Design: Evaluation of diagnostic capabilities and knowledge of emerging technologies in glaucoma assessment.
Participants: Detailed case reports from 11 patients and 250 multiple choice questions from the Basic and Clinical Science Course (BCSC) Self-Assessment were used to test the LLM based GlaucoRAG. No human participants were involved.
Methods: We developed GlaucoRAG, a RAG framework leveraging GPT-4.5-PREVIEW integrated with the R2R platform for automated question answering in glaucoma. We created a glaucoma knowledge base comprising more than 1,800 peer-reviewed glaucoma articles, 15 guidelines and three glaucoma textbooks. The diagnostic performance was tested on case reports and multiple-choice questions. Model outputs were compared with the independent answers of three glaucoma specialists, DeepSeek-R1, and GPT-4.5-PREVIEW (without RAG). Quantitative performance was further assessed with the RAG Assessment (RAGAS) framework, reporting faithfulness, context precision, context recall, and answer relevancy.
Main outcome measures: The primary outcome measure was GlaucoRAG's diagnostic accuracy on patient case reports and percentage of correct responses to the BCSC Self-Assessment glaucoma items, compared with the performance of glaucoma specialists and two benchmark LLMs. Secondary outcomes included RAGAS sub scores.

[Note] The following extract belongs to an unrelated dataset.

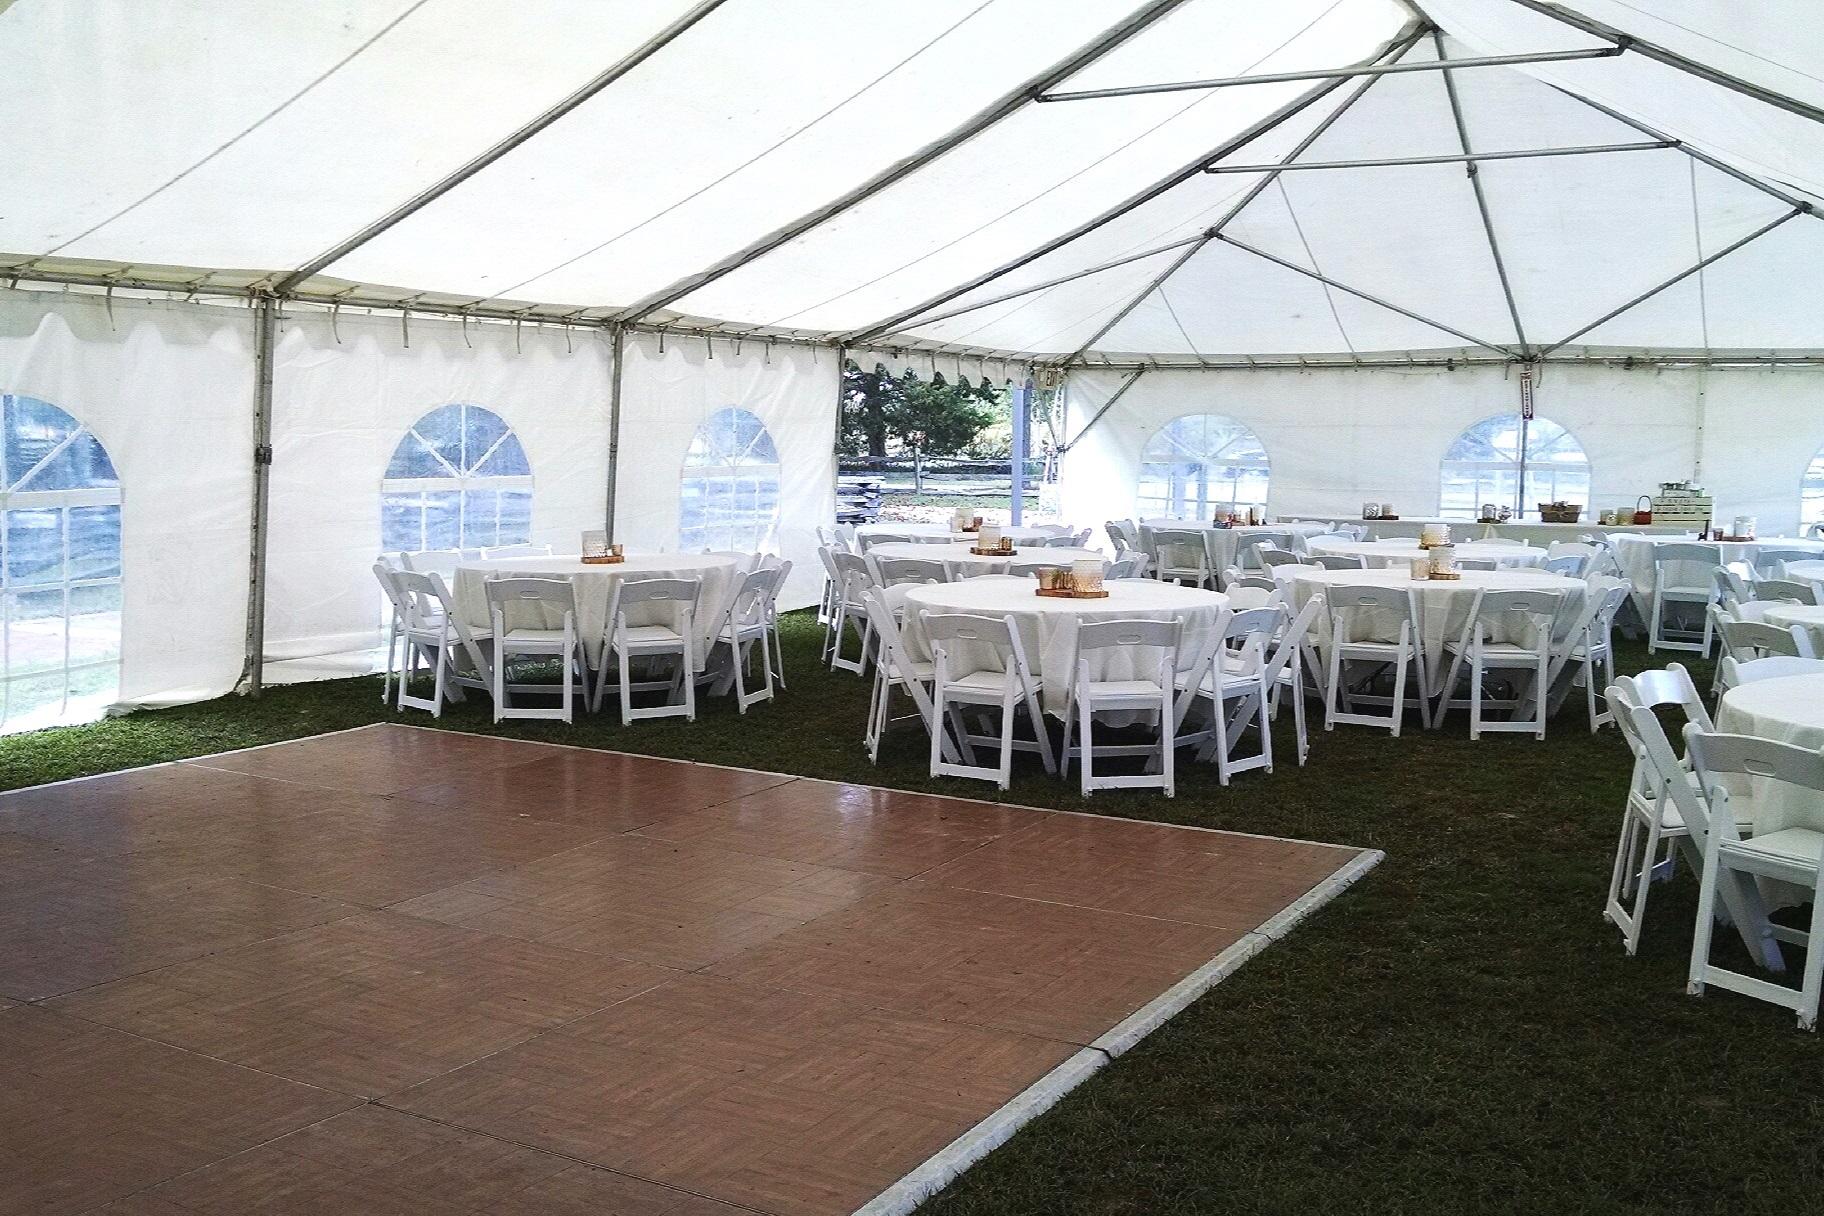 30 X 60 Frame Tent - Historic Polegreen

Results: GlaucoRAG achieved an accuracy of 81.8% on glaucoma case reports, compared with 72.7% for GPT-4.5-PREVIEW and 63.7% for DeepSeek-R1. On glaucoma BCSC Self-Assessment questions, GlaucoRAG achieved 91.2% accuracy (228 / 250), whereas GPT-4.5-PREVIEW and DeepSeek-R1 attained 84.4% (211 / 250) and 76.0% (190 / 250), respectively. The RAGAS evaluation returned an answer relevancy of 91%, with 80% context recall, 70% faithfulness, and 59% context precision.
Conclusions: The glaucoma-specialized LLM, GlaucoRAG, showed encouraging performance in glaucoma assessment and may complement glaucoma research and clinical practice as well as question answering with glaucoma patients.